Walt Disney Co. CEO Bob Chapek told employees in a memo released on Monday that the company “unequivocally” stands with its LGBTQ employees in the wake of the Florida House of Representatives passing the so-called “Don’t Say Gay” bill, even as he defended his company from criticism for not issuing a statement on the proposed legislation.
The bill, which is slated to pass the Republican-controlled Senate sometime Monday afternoon, has been trumpeted as a “parental rights” measure that keeps parents informed of any changes in the way schools deal with their children, particularly with respect to affirming a child’s gender identity or sexual orientation without the parents’ knowledge.
The bill explicitly bans any teacher-led discussions of LGBTQ-related topics up to the third grade, and then requires that any conversations in older grades be age-appropriate and “developmentally appropriate.”
Given Disney’s prominent role as a major employer in Florida, many LGBTQ advocates called on the corporate giant to speak out against the bill, in the hope of giving Republican lawmakers pause before passing the measure.
But Disney did not release a statement taking a firm position on the bill, instead saying that it understood how important the issue was to its LGBTQ employees.
“For nearly a century, Disney has been a unifying force that brings people together,” the company’s statement read. “We are determined that it remains a place where everyone is treated with dignity and respect. The biggest impact we can have in creating a more inclusive world is through the inspiring content we produce, the welcoming culture we create here, and the diverse community organizations we support, including those representing the LGBTQ+ community.”
The statement only further inflamed the passions of those opposed to the bill, who accused Disney of sidestepping the issue, and prompting hundreds of protesters to demonstrate outside Disney theme parks in Florida and California urging the company to denounce the proposed bill, which President Joe Biden has slammed as “hateful.”
Further exacerbating the public backlash against Disney was an Orlando Sentinel report that Disney, despite casting itself as an LGBTQ-affirming place, gave money to every single sponsor and co-sponsor of the bill, including the bill’s Senate sponsor, Sen. Dennis Baxley (R-Belleview), who has proposed multiple pieces of anti-LGBTQ legislation during his time as a politician in Tallahassee.
In response to stories about Disney’s political donations, Abigail Disney, the 62-year-old granddaughter of the company’s co-founder, Roy O. Disney, and great-niece of Walt Disney, tweeted that she “could not be more unhappy with [the company’s] political activities,” according to The Associated Press.
In a memo to company employees, CEO Chapek sought to dispel some of the furor that Disney’s tepid response provoked from within the company while defending the decision not to issue a statement.
“I want to be crystal clear: I and the entire leadership team unequivocally stand in support of our LGBTQ+ employees, their families, and their communities. And, we are committed to creating a more inclusive company — and world,” Chapek wrote.
“We all share the same goal of a more tolerant, respectful world. Where we may differ is in the tactics to get there.

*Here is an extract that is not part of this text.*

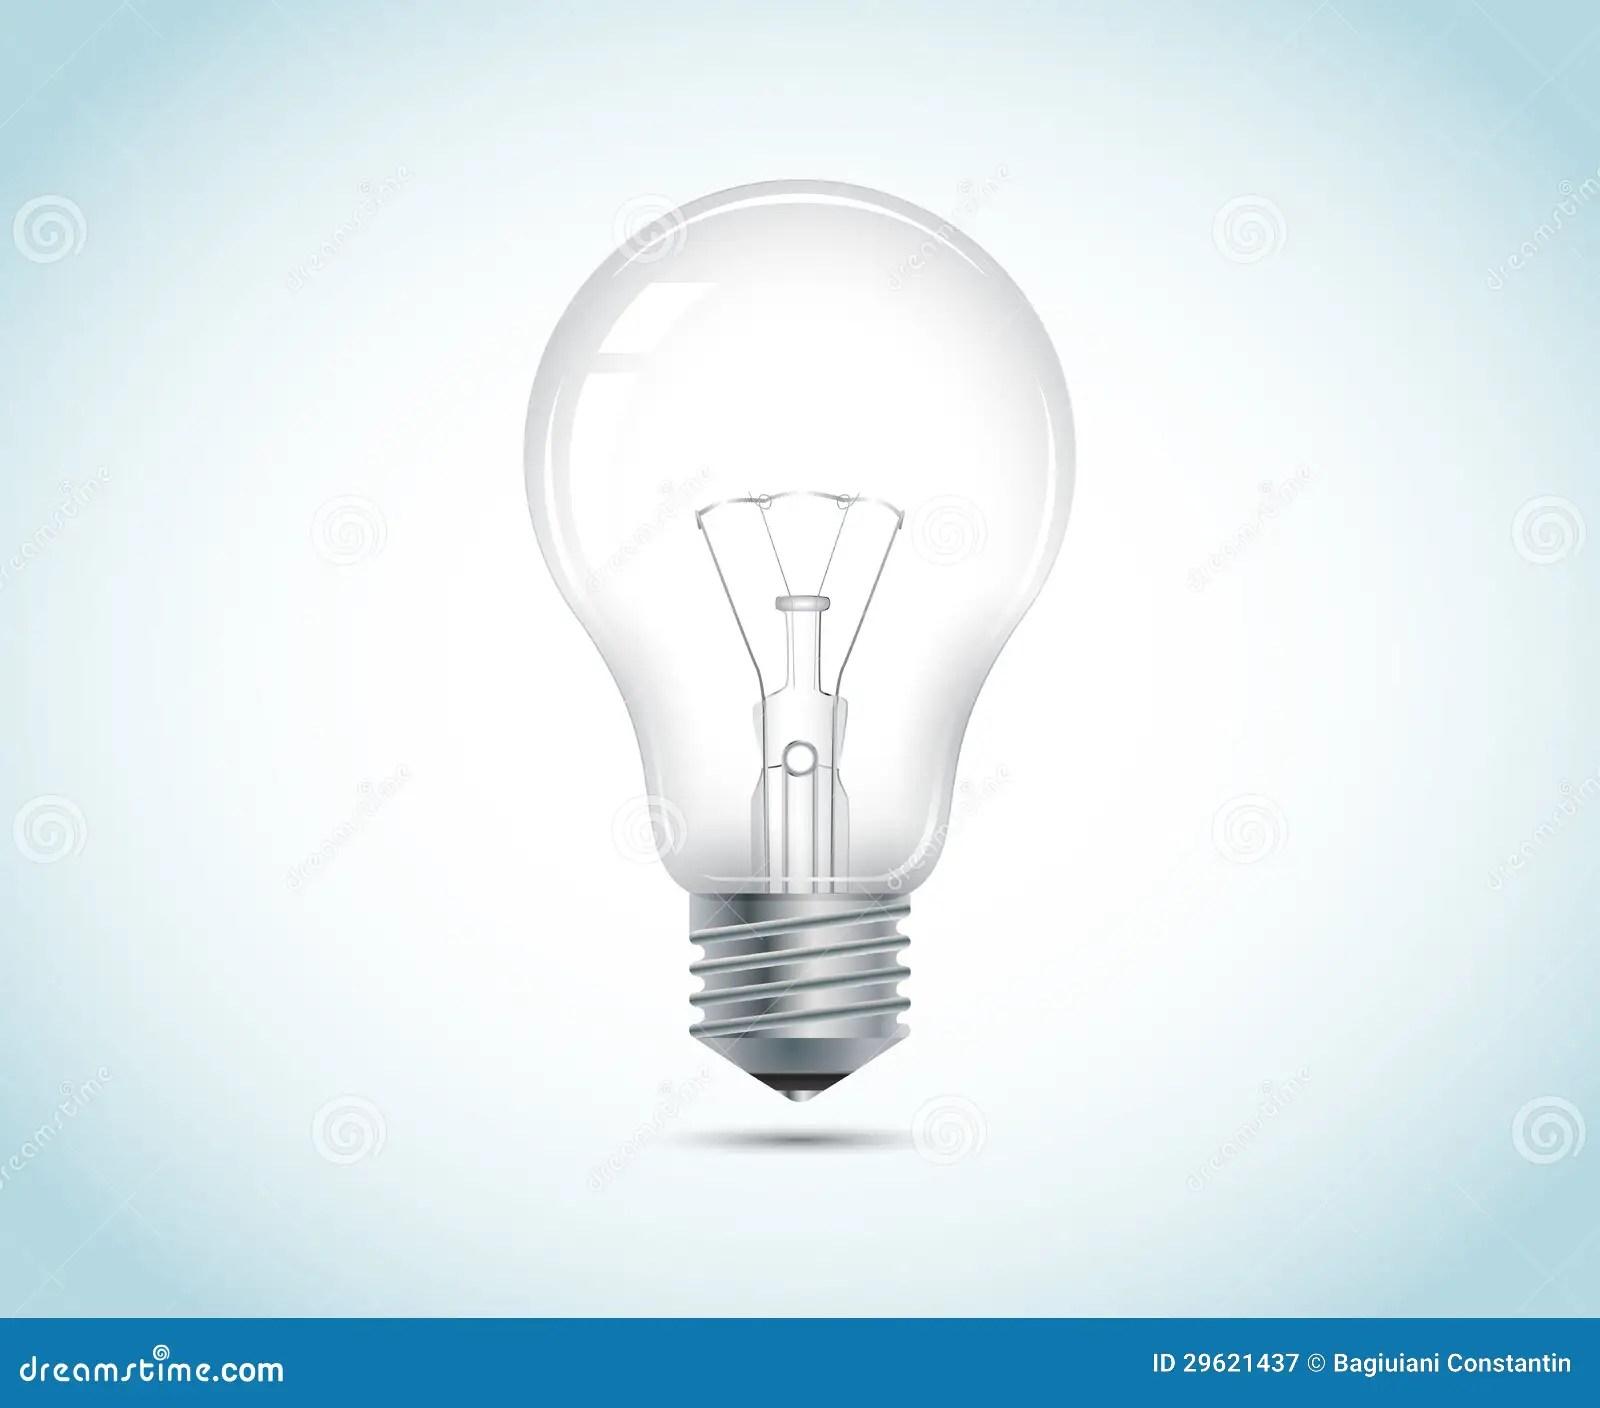 Energy Saving Light Bulb Diagram Energysavinglightbulbdiagram
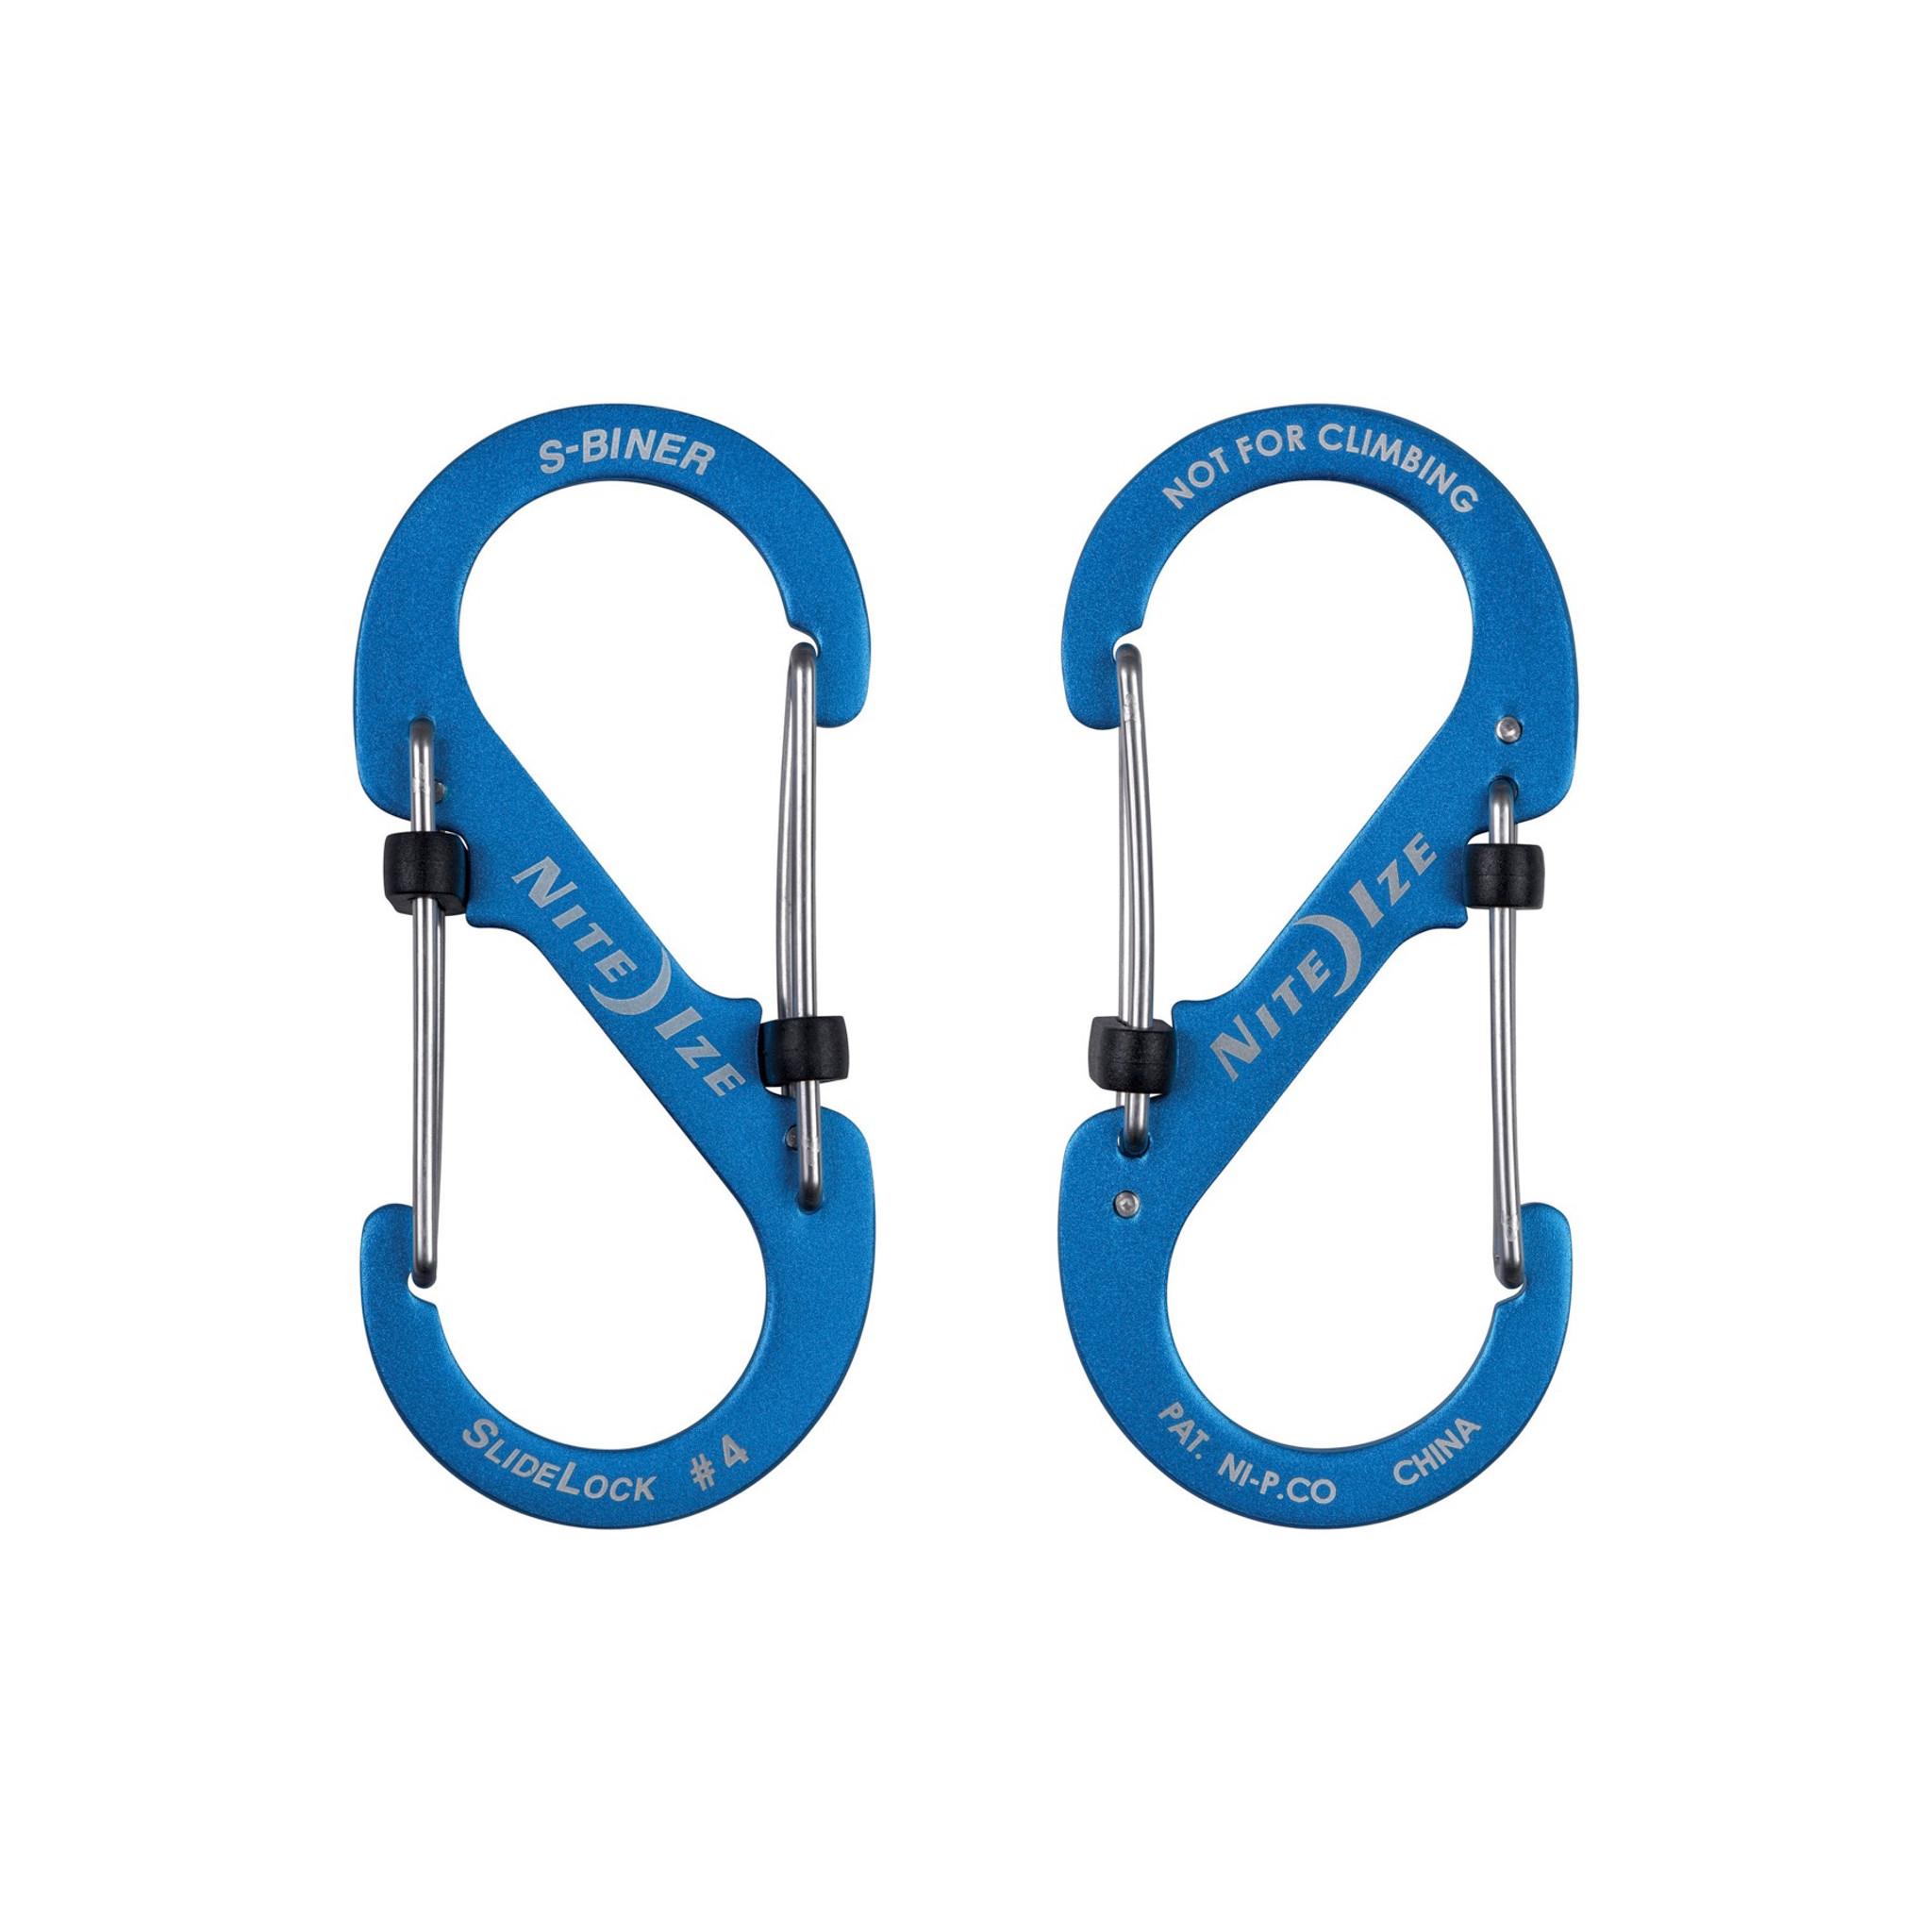 Nite Ize S-Biner Slidelock Aluminum #4 Blue - Jay's Outdoor Supply

And because this struggle is much bigger than any one bill in any one state, I believe the best way for our company to bring about lasting change is through the inspiring content we produce, the welcoming culture we create, and the diverse community organizations we support.”
He added that he did not want anyone “to mistake a lack of a statement for a lack of support,” but feared being drawn into a drawn-out political fight that would invariably offend people on either side of the debate, reports The Hollywood Reporter.
“As we have seen time and again, corporate statements do very little to change outcomes or minds,” Chapek said. “Instead, they are often weaponized by one side or the other to further divide and inflame. Simply put, they can be counterproductive and undermine more effective ways to achieve change.”
Chapek pushed back against criticism of the company’s political donations, noting that Disney has financially supported politicians who oppose the so-called “Don’t Say Gay” bill, not just anti-LGBTQ figures.
He noted that Disney also donated $3 million to LGBTQ organizations last year, has a long history of supporting events like Pride Parades, and has been rated 100% by the Human Rights Campaign as an LGBTQ-inclusive workplace for “16 years in a row.”
Chapek concluded his letter by saying that the company’s new chief corporate affairs officer, Geoff Morrell, would be “reassessing our advocacy strategies around the world — including political giving — as he begins to integrate the communications, public policy, government relations and CSR teams.”
He said the issue will be discussed further at Disney’s Reimagine Tomorrow Summit in April.